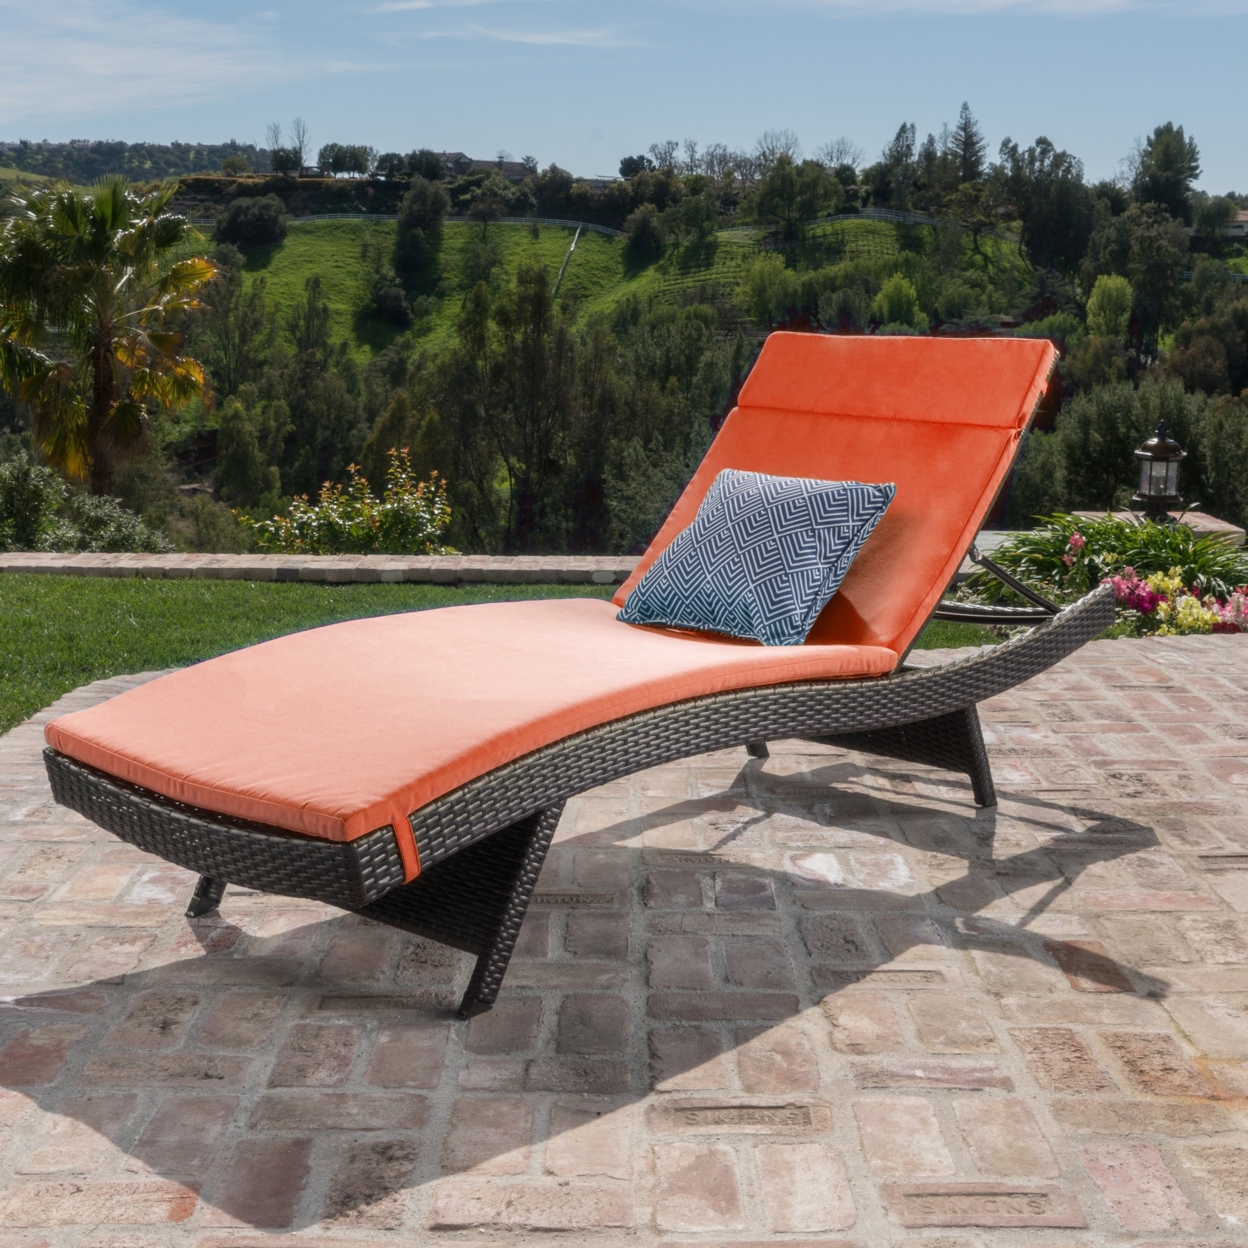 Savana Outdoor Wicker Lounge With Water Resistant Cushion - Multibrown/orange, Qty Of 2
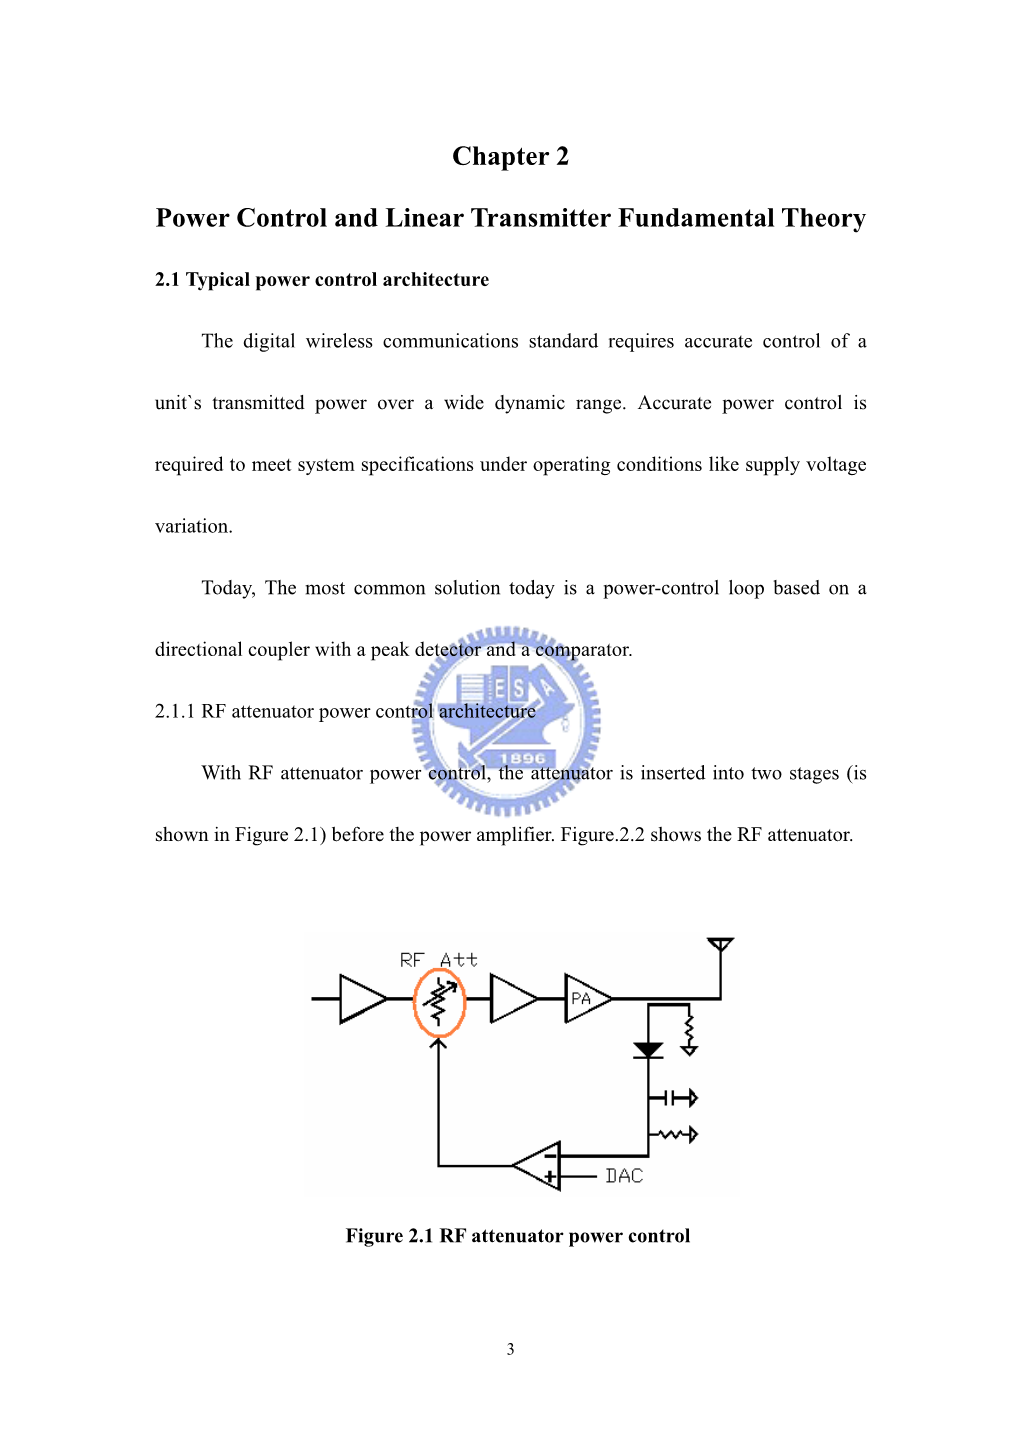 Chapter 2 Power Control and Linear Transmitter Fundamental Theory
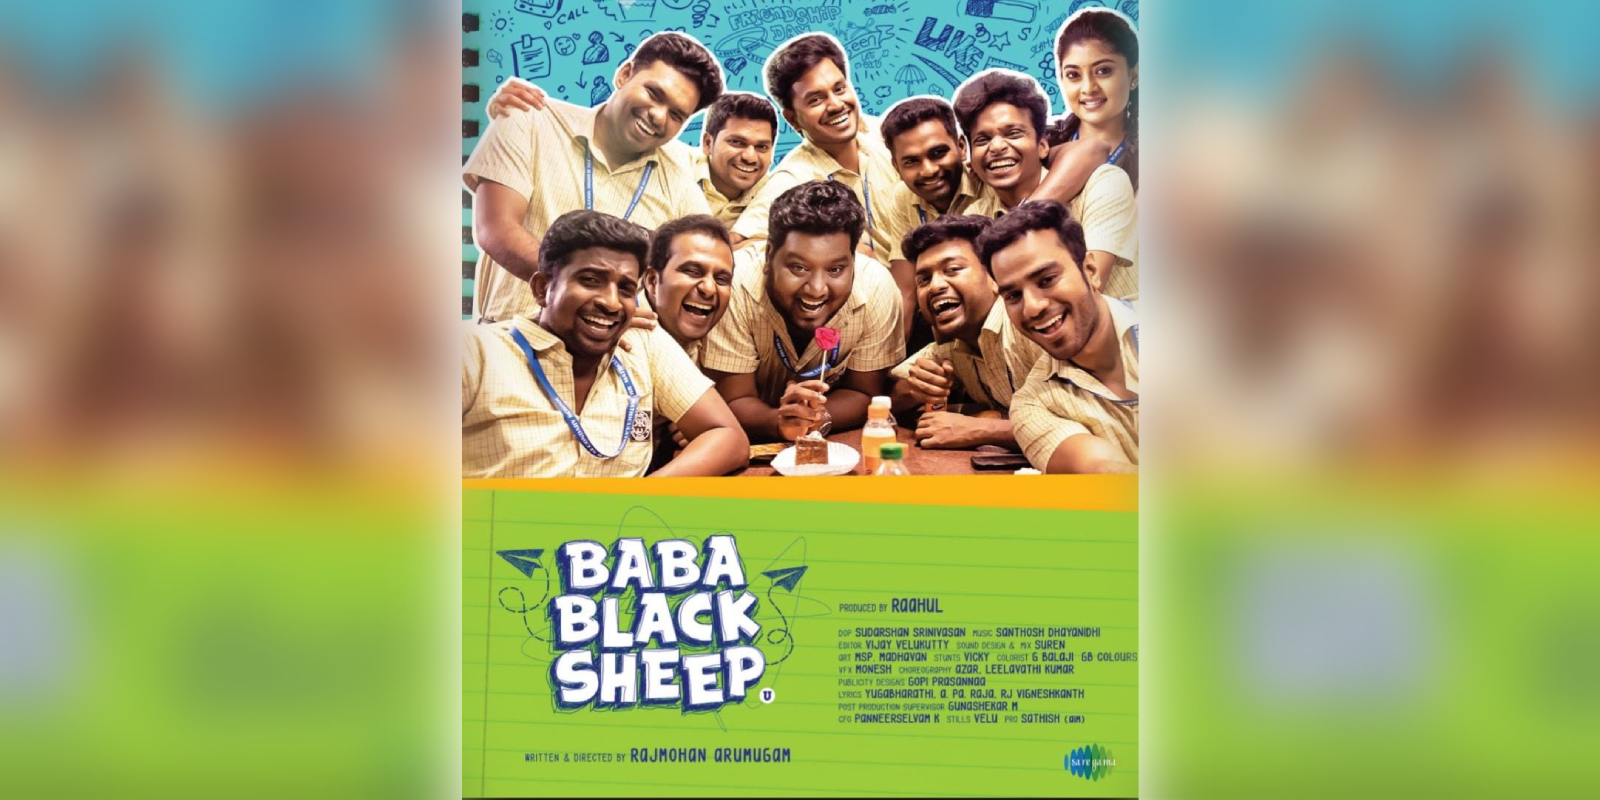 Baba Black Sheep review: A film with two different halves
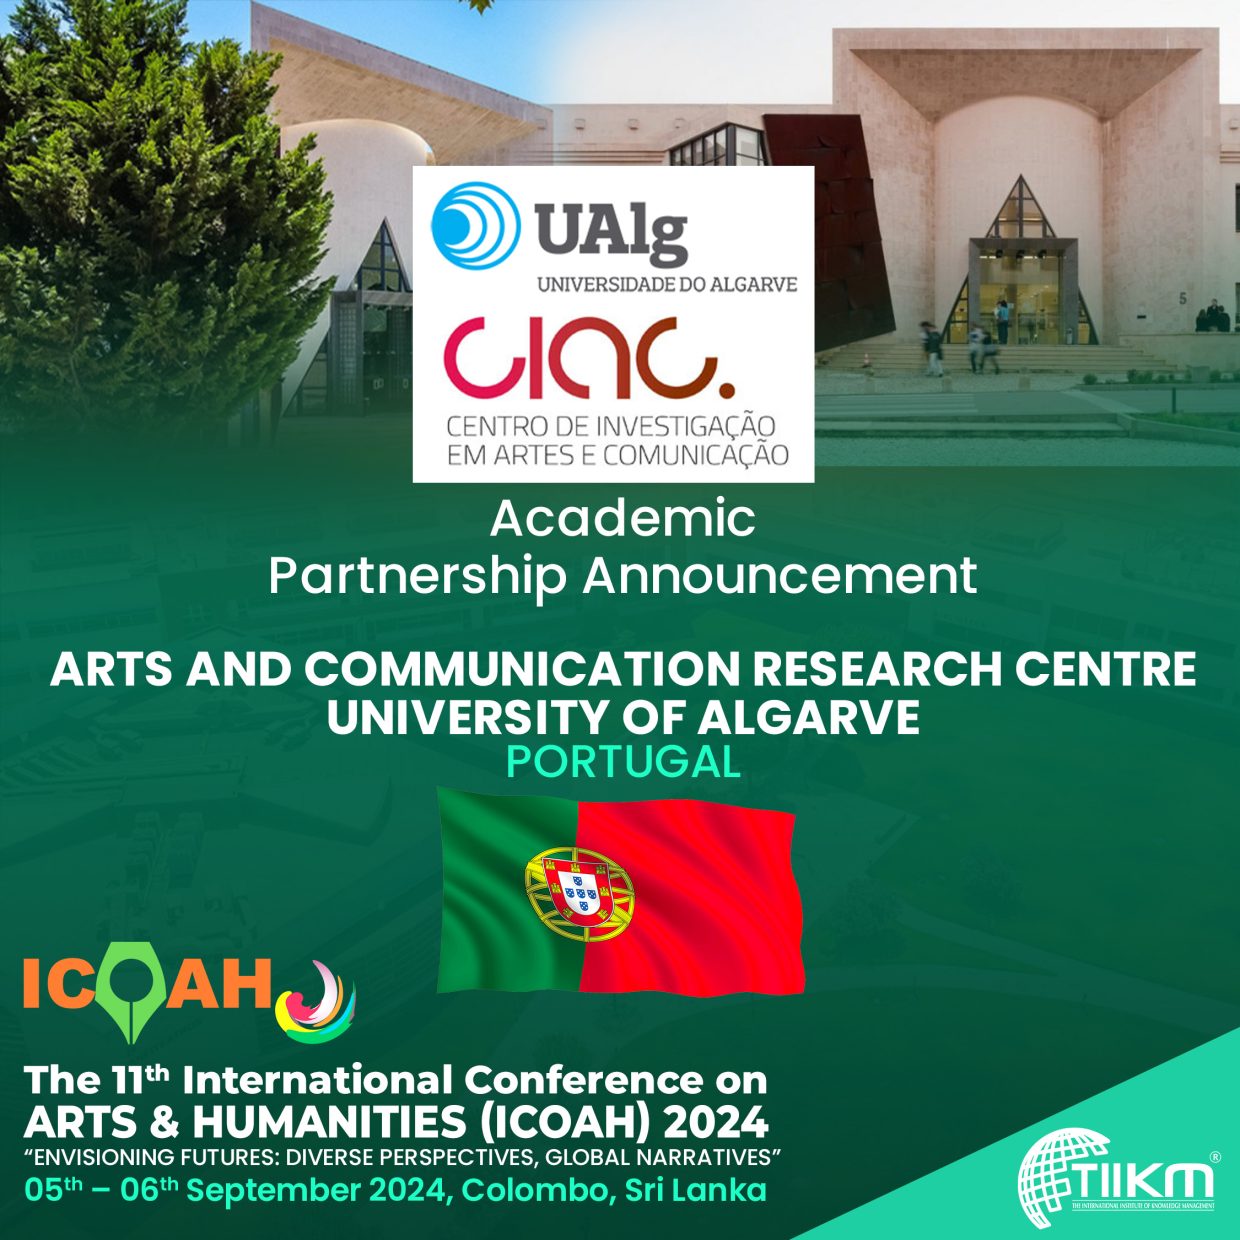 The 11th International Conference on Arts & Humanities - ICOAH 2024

## [To do]
Repeat the material above exactly; any picture in it is left out.

## [Reply to the exercise]
 Savana Outdoor Wicker Lounge With Water Resistant Cushion - Multibrown/orange, Qty Of 2
 Chapter 2 Power Control and Linear Transmitter Fundamental Theory
 Baba Black Sheep review: A film with two different halves
 The 11th International Conference on Arts & Humanities - ICOAH 2024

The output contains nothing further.